_WHAT YOU ARE ASKED TO DO:_
Copy exactly, and only, the lines from the one with "Main dessinant l ampoule sur le papier" to the end of the listing; omit pictures.

_STORED DATA:_
+===+
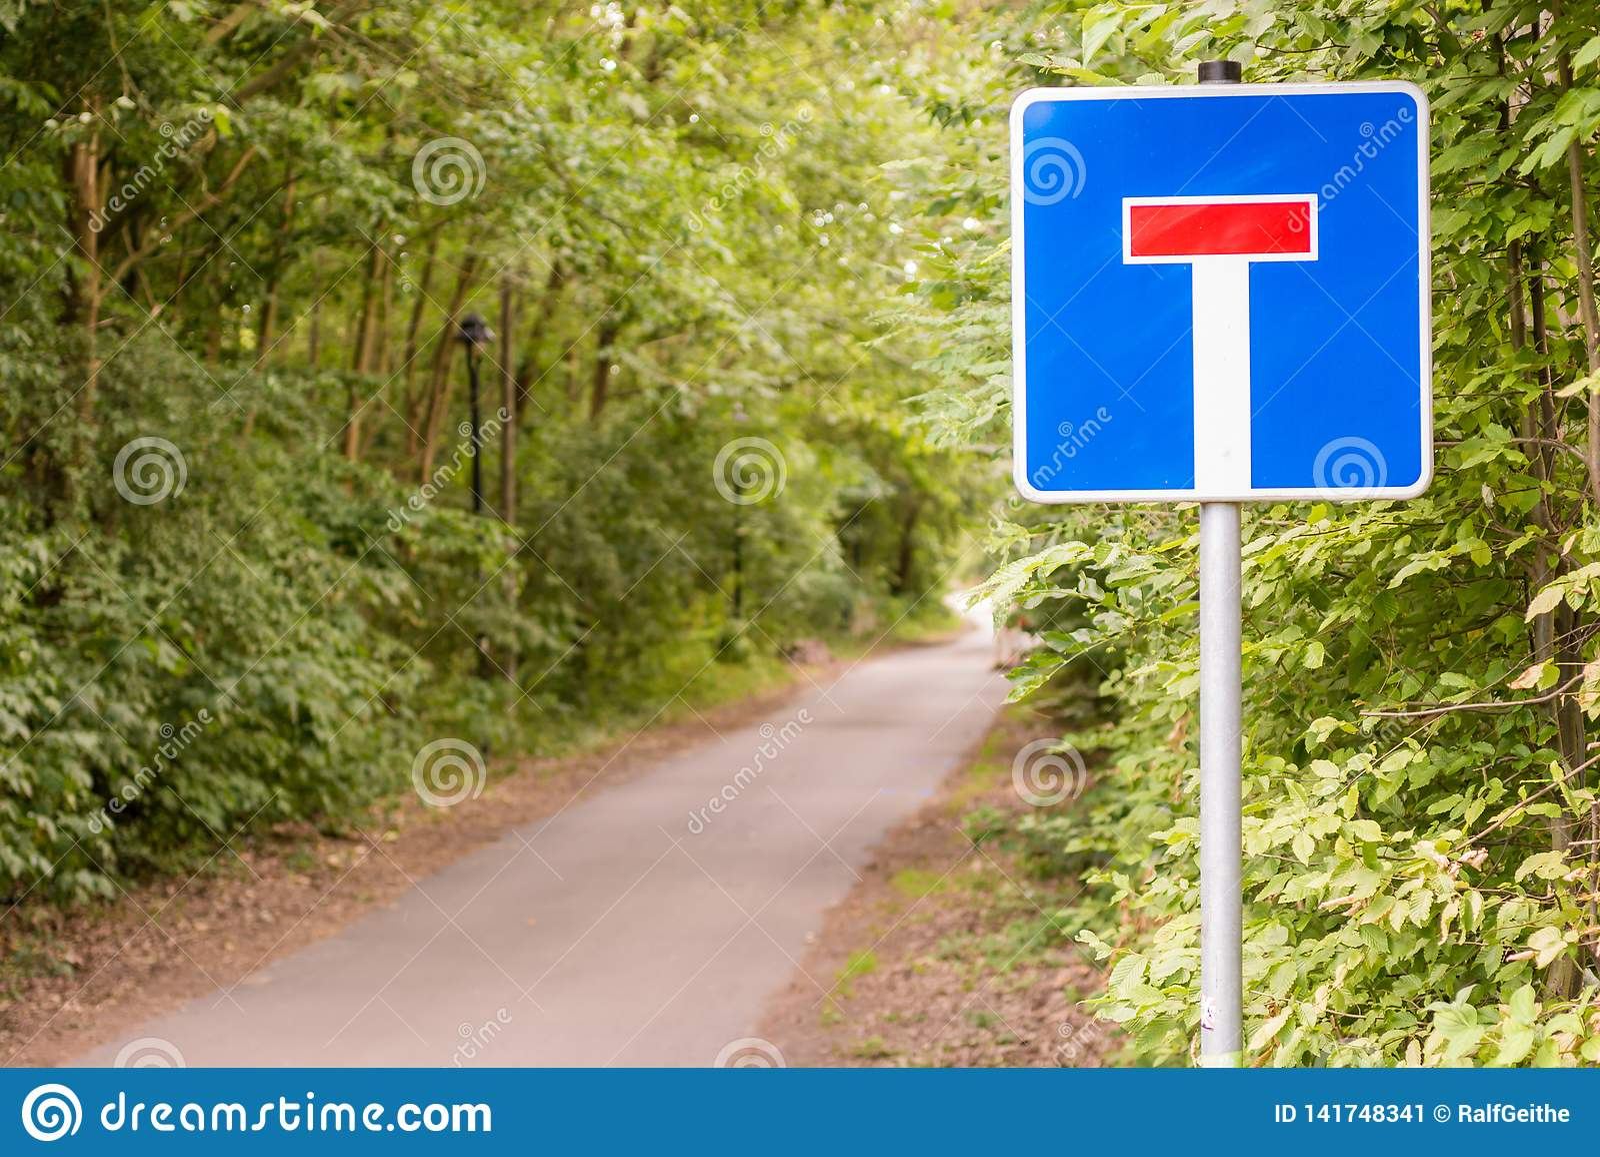 Bosweg met teken als teken voor een impasse
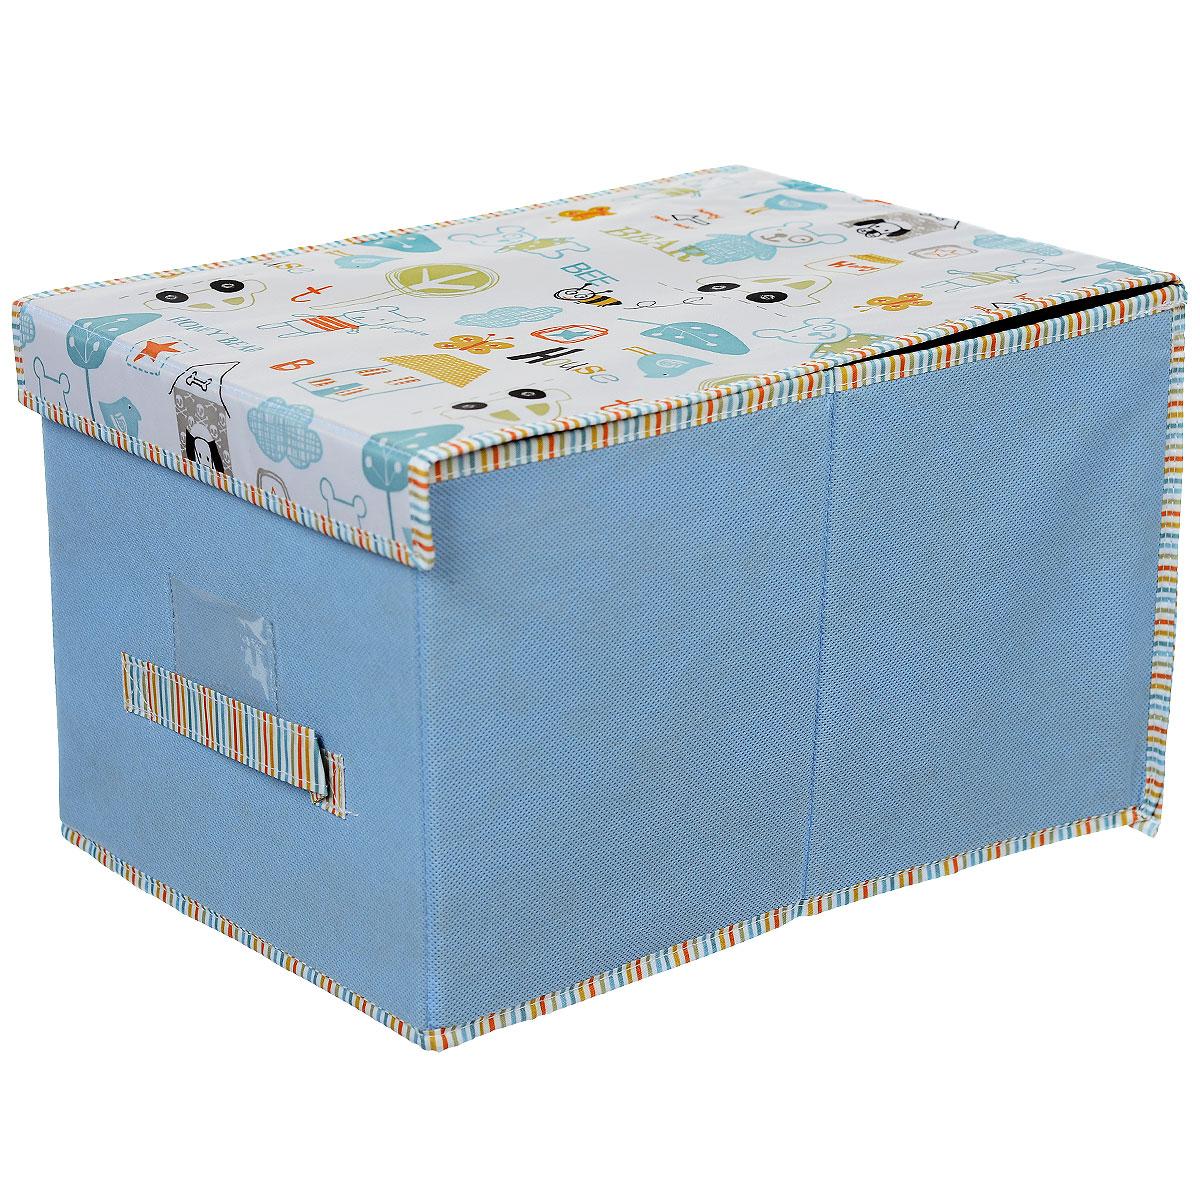 Чехол-коробка Cosatto Беби, цвет: голубой, 30 х 40 х 25 смCOVLSCBY12B голубойЧехол-коробка Cosatto Беби поможет легко и красиво организовать пространство в детской комнате. Изделие выполнено из полиэстера и нетканого материала, прочность каркаса обеспечивается наличием внутри плотных и толстых листов картона. Чехол-коробка закрывается крышкой на две липучки, что поможет защитить вещи от пыли и грязи. Сбоку имеется ручка. Такой чехол идеально подойдет для хранения игрушек и детских вещей. Привлекательный дизайн изделия привлечет внимание ребенка и вызовет у него желание самостоятельно убирать игрушки. Складная конструкция обеспечивает компактное хранение.
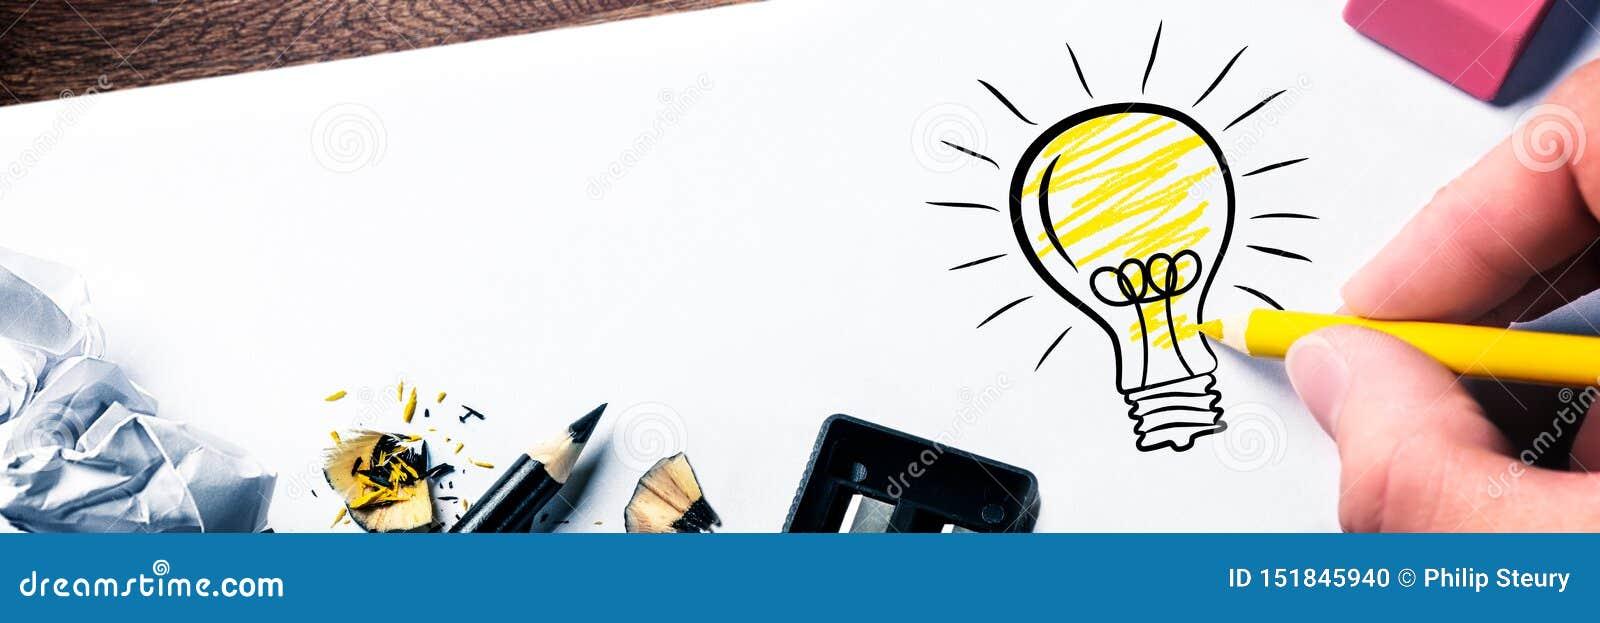 Main dessinant l ampoule sur le papier
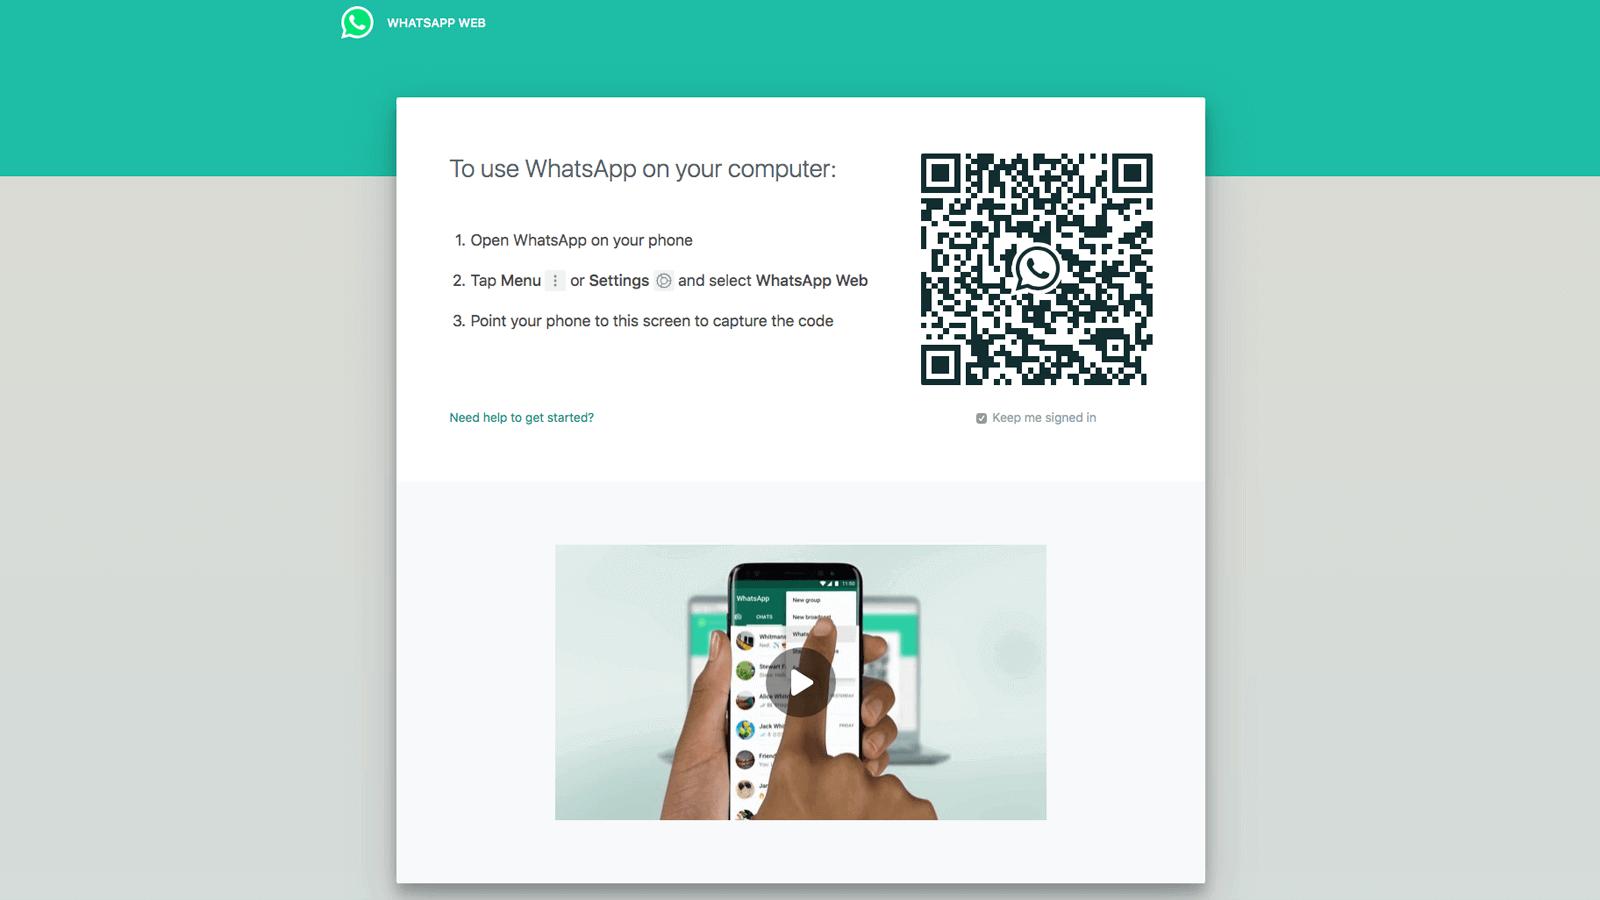 cara menggunakan whatsapp web di laptop
+===+
_TASK RESULT:_
 Main dessinant l ampoule sur le papier
 cara menggunakan whatsapp web di laptop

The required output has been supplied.